A cargo ship carrying containers from the Danish company Maersk sails into the Pacific entrance of the Panama Canal in Panama City on April 21, 2026. (Photo by MARTIN BERNETTI / AFP)
A cargo ship carrying containers from the Danish company Maersk sails into the Pacific entrance of the Panama Canal in Panama City on April 21, 2026. (Photo by MARTIN BERNETTI / AFP)

Shipping group Maersk posted first-quarter operating profits slightly above analyst forecasts on Thursday and kept its full-year earnings guidance unchanged.

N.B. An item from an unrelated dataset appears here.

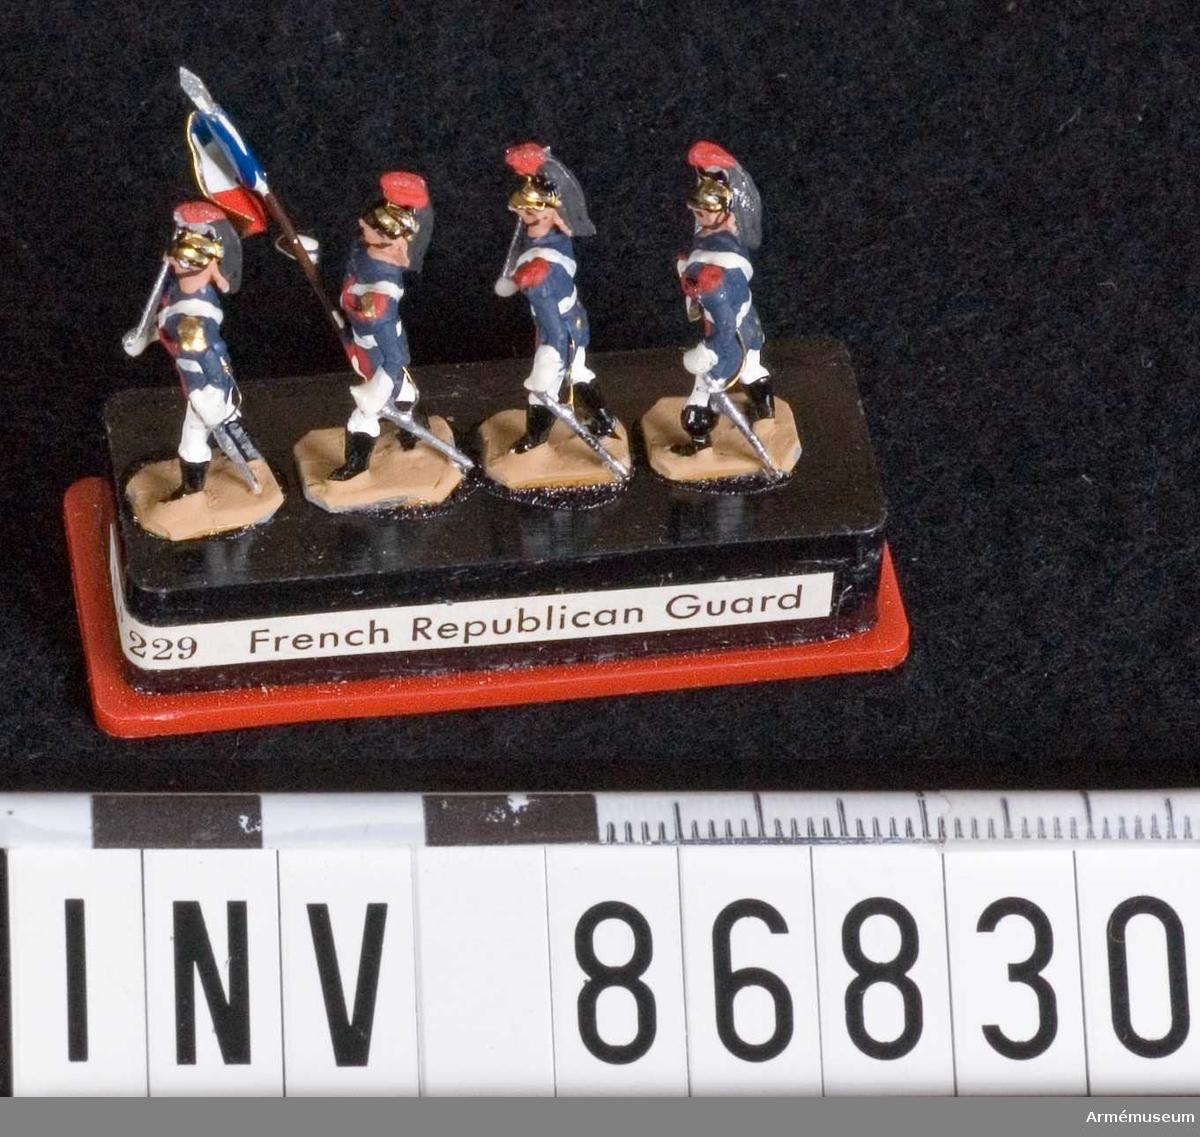 Grupp M V. Föreställer fyra soldater (varav en fanförare), sannolikt ur franska Republikanska gardet. Samtliga på platta och i plastfodral.
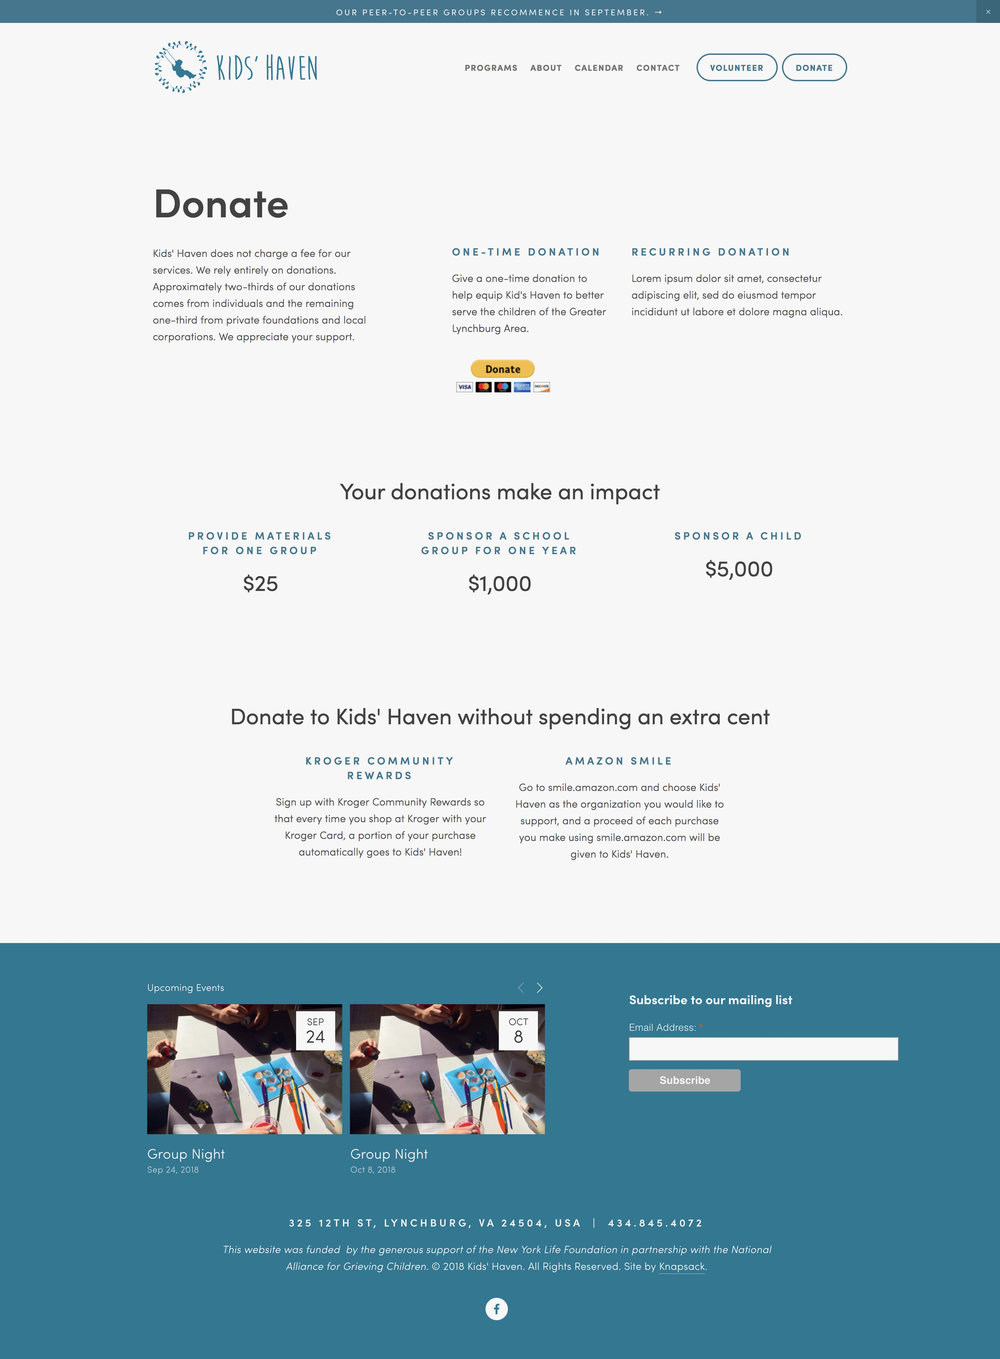 Kids-Haven-Donate-Macbook-Overlay.jpg

Underlying earnings before interest, tax, depreciation, and amortization (EBITDA) for the January-March period came in at $1.73 billion, compared to a median forecast of $1.66 billion in a company-provided poll of 10 analysts.

Maersk, which is often seen as a bellwether for global trade, still projects global container volume growth of between 2% ⁠and 4% this ⁠year.

"We've seen strong demand across most regions this quarter, supporting robust volume growth in our three business segments," Reuters quoted Chief Executive Vincent Clerc as saying in a statement.

The first quarter does not capture the Middle East war's full impact on global supply ⁠chains as the conflict began on February 28 when the United States and Israel launched coordinated strikes on Iran.

The war has disrupted shipping routes across the region after Iran closed the Strait of Hormuz to commercial traffic, pushing up costs such as fuel.

The security situation remained fragile, with French shipping group CMA CGM saying on Wednesday that one of its container ships was hit while transiting the Strait of Hormuz, injuring ⁠crew ⁠and damaging the vessel.

The Middle East security situation also impacts shipping in the Red Sea, forcing Maersk to continue to reroute vessels around Africa, away from the Suez Canal and the Bab el-Mandeb Strait.

This marked an abrupt stop to Maersk's tentative efforts for a gradual return of some services to the Suez route, seen as a key step towards ending years of global trade disruption caused by attacks on ships in the Red Sea by Yemen's Houthis.